For a complete list of configuration properties for this connector, see InfluxDB Sink Connector Configuration Properties.

Quick Start

In this quick start, you copy data from a single Kafka topic to a measurement on a local Influx database running on Docker.

This example assumes you are running Kafka and Schema Registry locally on the default ports. It also assumes your have Docker installed and running.

Note

InfluxDB Docker can be replaced with any installed InfluxDB server.

First, bring up the Influx database by running the following Docker command:

docker run -d -p 8086:8086 --name influxdb-local influxdb:1.7.7

This starts the Influx database and maps it to port 8086 on localhost. By default, the username and password are blank. The database connection URL is http://localhost:8086.

Start the Confluent Platform using the Confluent CLI command below.

Tip

The command syntax for the Confluent CLI development commands changed in 5.3.0. These commands have been moved to confluent local. For example, the syntax for confluent start is now confluent local services start. For more information, see confluent local.

confluent local services start

Property-based example

Next, create a configuration file for the connector. This configuration is used typically with standalone workers. This file is included with the connector in ./etc/kafka-connect-influxdb/influxdb-sink-connector.properties and contains the following settings:

name=InfluxDBSinkConnector
connector.class=io.confluent.influxdb.InfluxDBSinkConnector
tasks.max=1
topics=orders
influxdb.url=http://localhost:8086
influxdb.db=influxTestDB
measurement.name.format=${topic}
value.converter=io.confluent.connect.avro.AvroConverter
value.converter.schema.registry.url=http://localhost:8081

The first few settings are common settings you specify for all connectors, except for topics which are specific to sink connectors like this one.

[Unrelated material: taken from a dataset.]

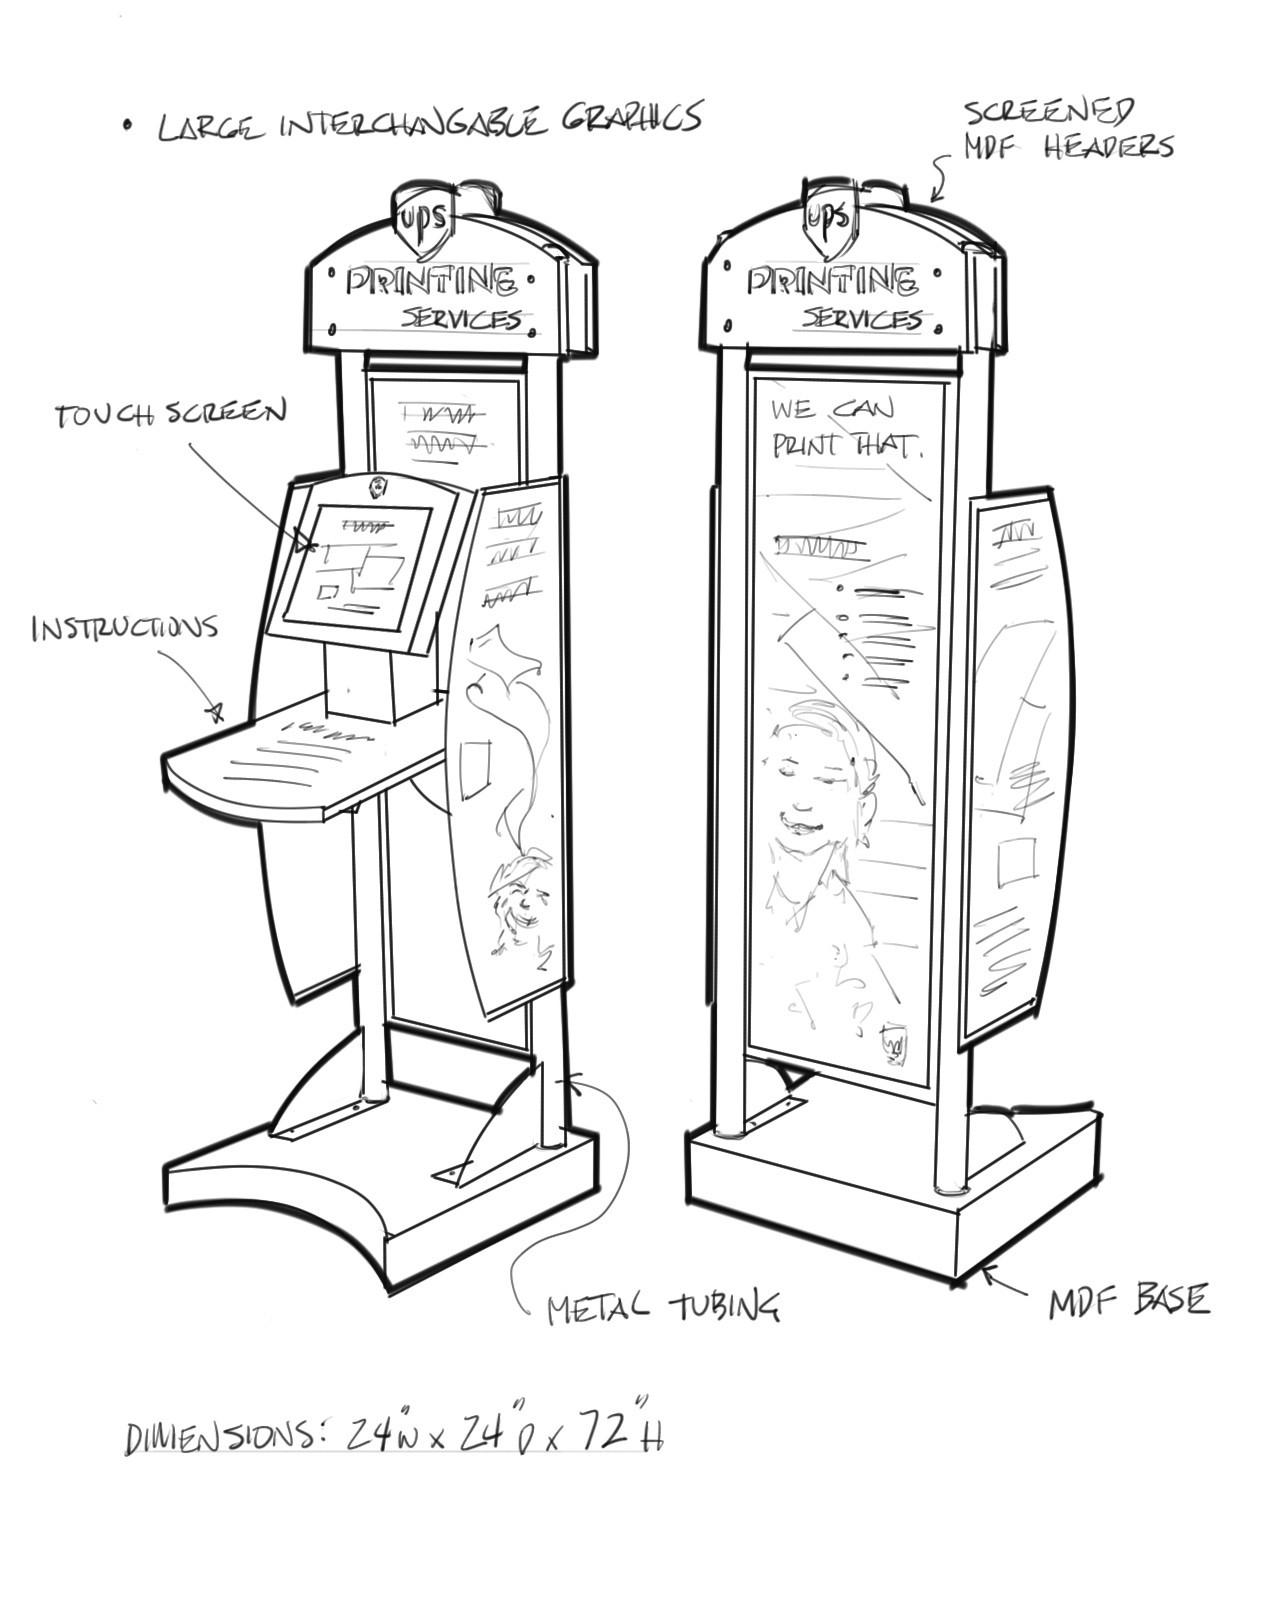 UPS Store Kiosk Concept A.jpg

The influxdb.url specify the connection URL of the influxDB server. The influxdb.db, influxdb.username and influxdb.password specify the database name, username, and password of the InfluxDB server, respectively. By default the username and password are blank for the InfluxDB server above, so it is not added in the configuration.

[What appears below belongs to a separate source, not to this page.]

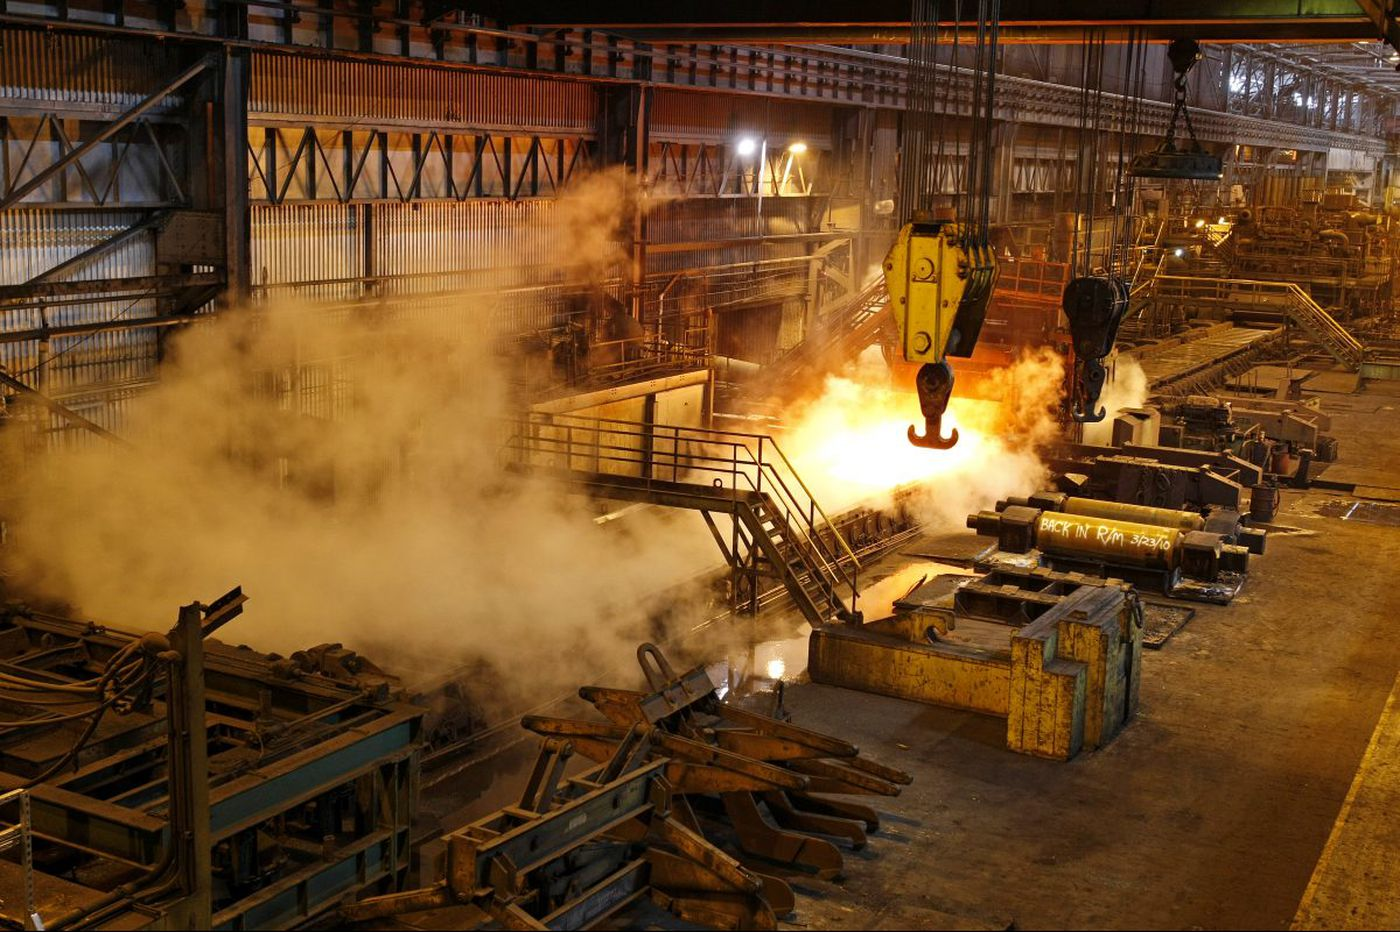 Conshohocken Steel Plant May Change Owners, Add Jobs

Run the connector with this configuration.

confluent local services connect connector load InfluxDBSinkConnector --config etc/kafka-connect-influxdb/influxdb-sink-connector.properties

REST-based example

This configuration is used typically along with distributed workers. Write the following JSON to influxdb-sink-connector.json, configure all of the required values, and use the command below to post the configuration to one of the distributed connect worker(s). See the Kafka Connect REST API for more information.

{
  "name" : "InfluxDBSinkConnector",
  "config" : {
    "connector.class" : "io.confluent.influxdb.InfluxDBSinkConnector",
    "tasks.max" : "1",
    "topics" : "orders",
    "influxdb.url" : "http://localhost:8086",
    "influxdb.db" : "influxTestDB",
    "measurement.name.format" : "${topic}",
    "value.converter": "io.confluent.connect.avro.AvroConverter",
    "value.converter.schema.registry.url": "http://localhost:8081"
  }
}

Use curl to post the configuration to one of the Kafka Connect worker(s). Change http://localhost:8083/ to the endpoint of one of your Kafka Connect worker(s).

Run the connector with this configuration.

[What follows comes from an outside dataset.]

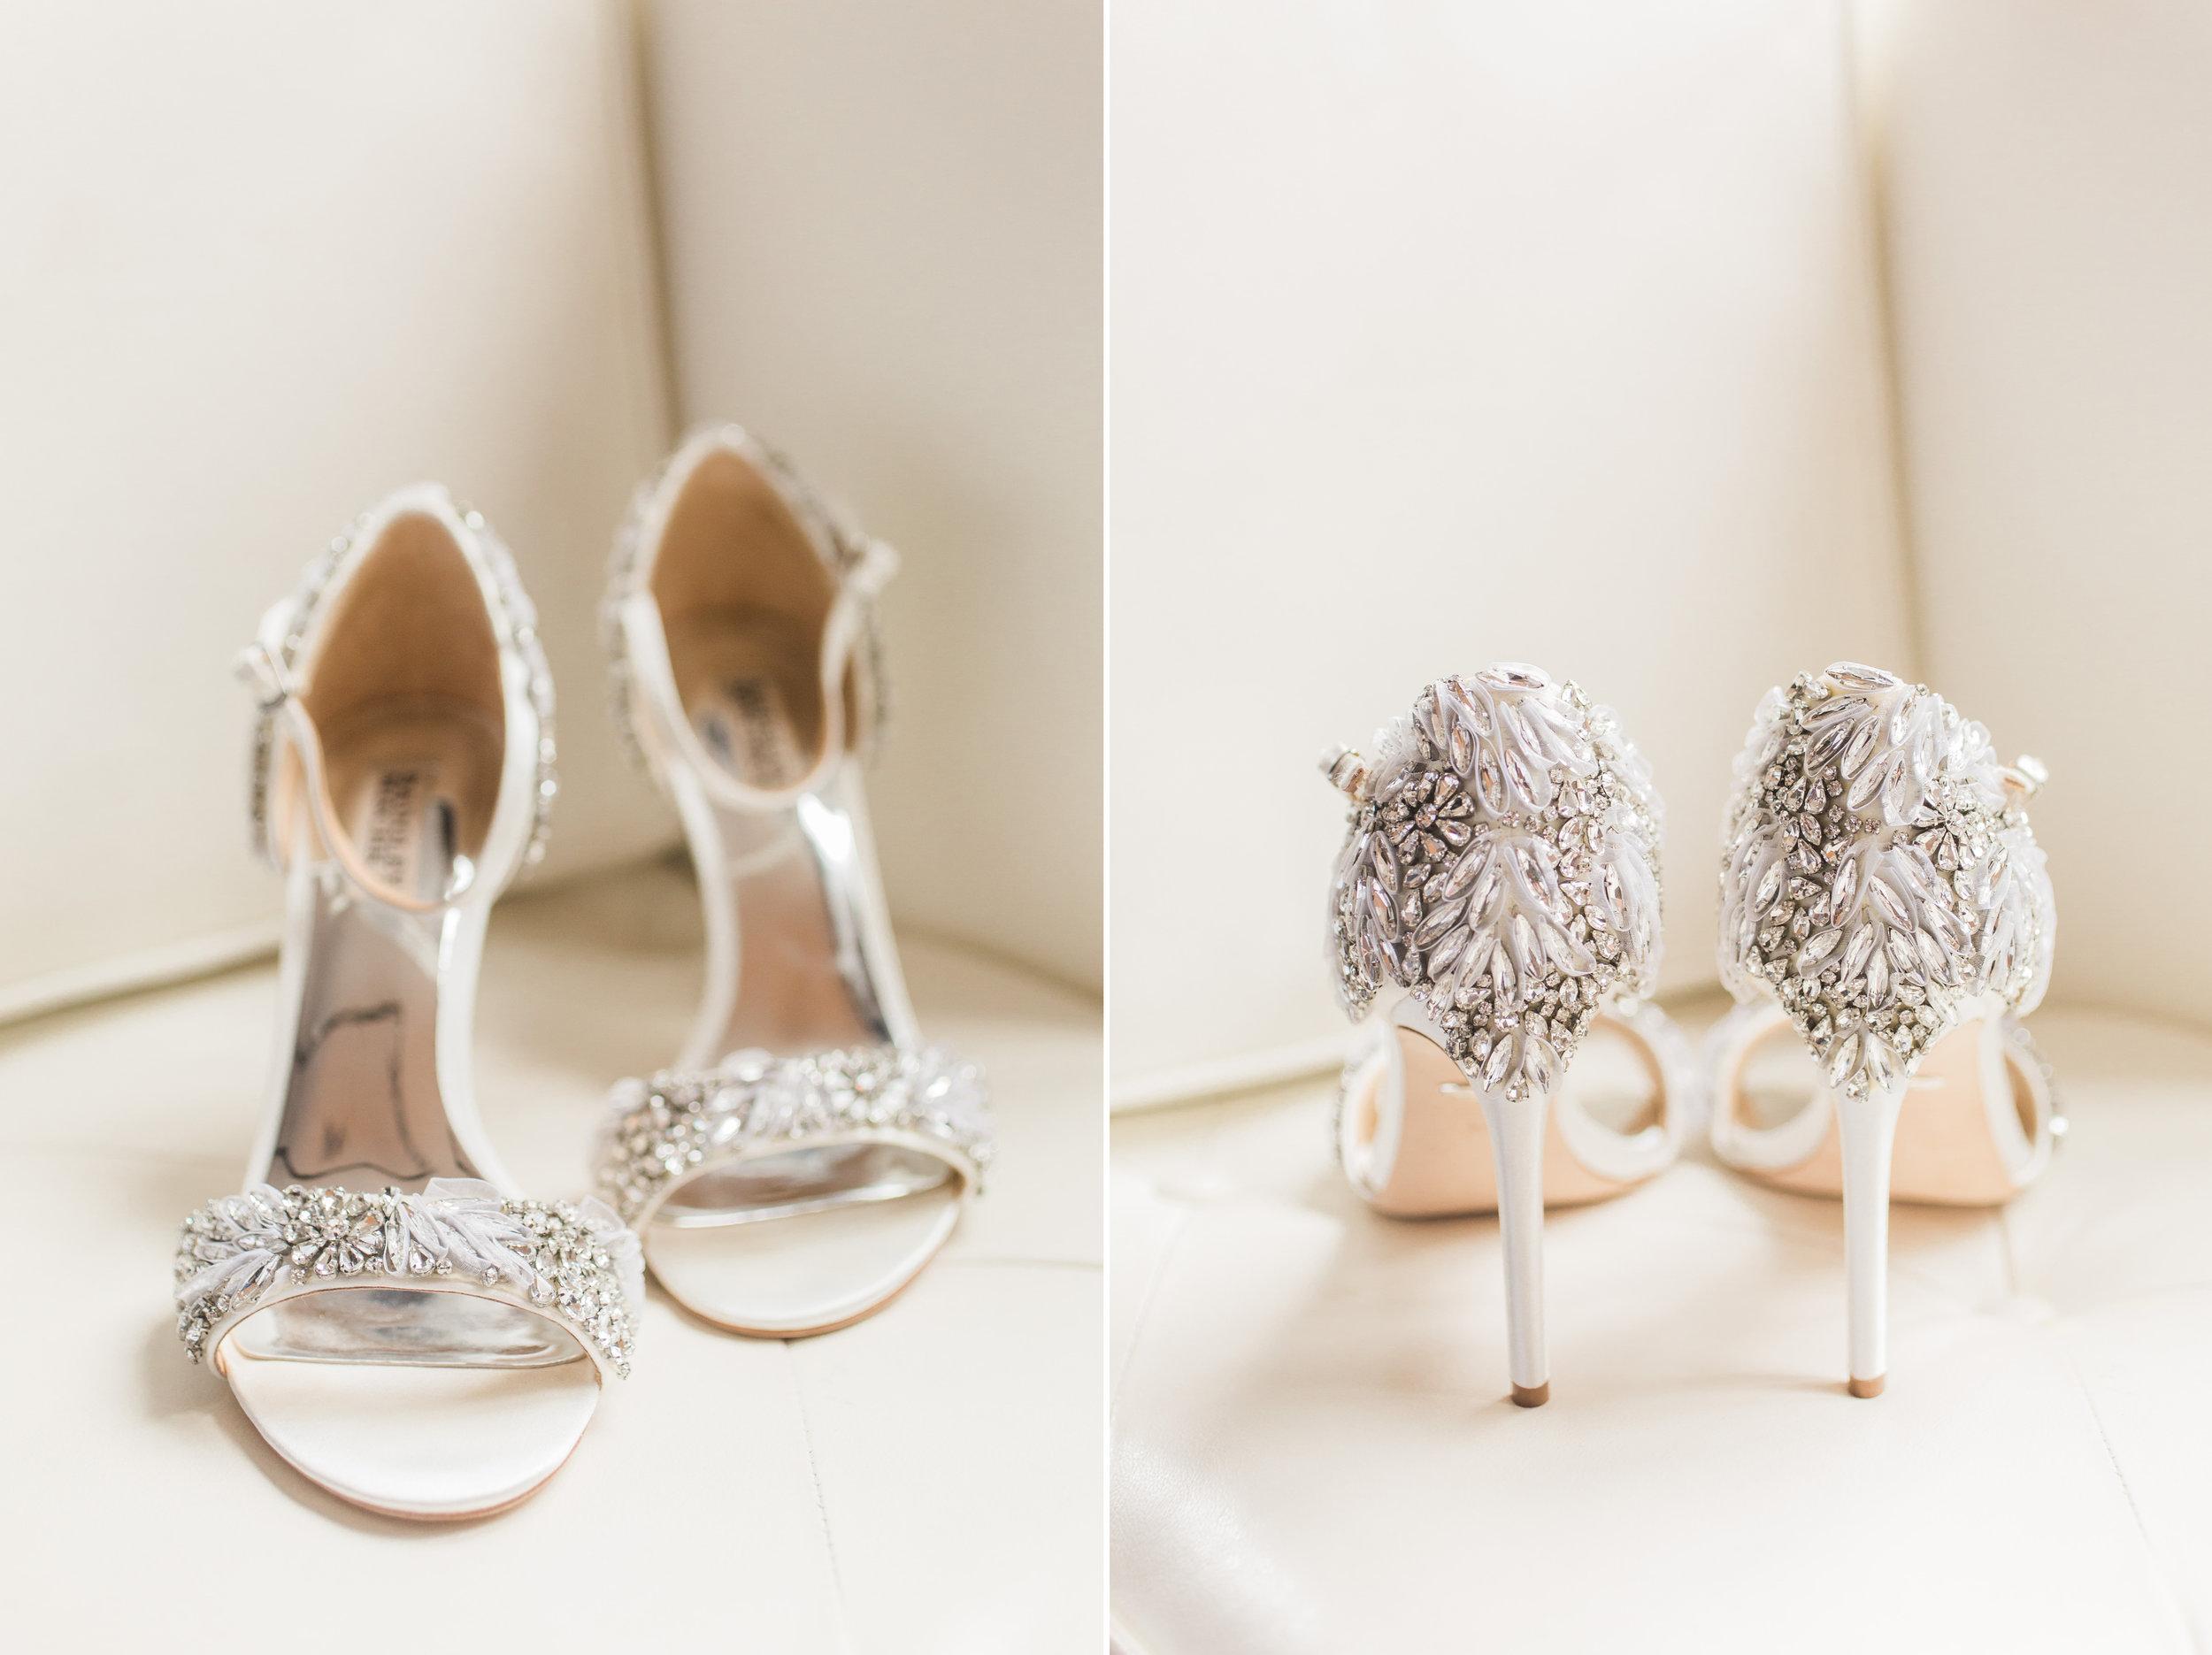 Hudson-Nichols-Black-Tie-Bride-Philadelphia-Waterworks-Wedding-Badgley-Mischka-shoes03.jpg

curl -X POST -d @influxdb-sink-connector.json http://localhost:8083/connectors -H "Content-Type: application/json"

Next, create a record in the orders topic

bin/kafka-avro-console-producer \
--broker-list localhost:9092 --topic orders \
--property value.schema='{"type":"record","name":"myrecord","fields":[{"name":"id","type":"int"},{"name":"product", "type": "string"}, {"name":"quantity", "type": "int"}, {"name":"price",
"type": "float"}]}'

The console producer is waiting for input. Copy and paste the following record into the terminal:

{"id": 999, "product": "foo", "quantity": 100, "price": 50}

To verify the data in InfluxDB, log in to the Docker container using the following command:

docker exec -it <containerid> bash

Tip

To find the container ID use the docker ps command.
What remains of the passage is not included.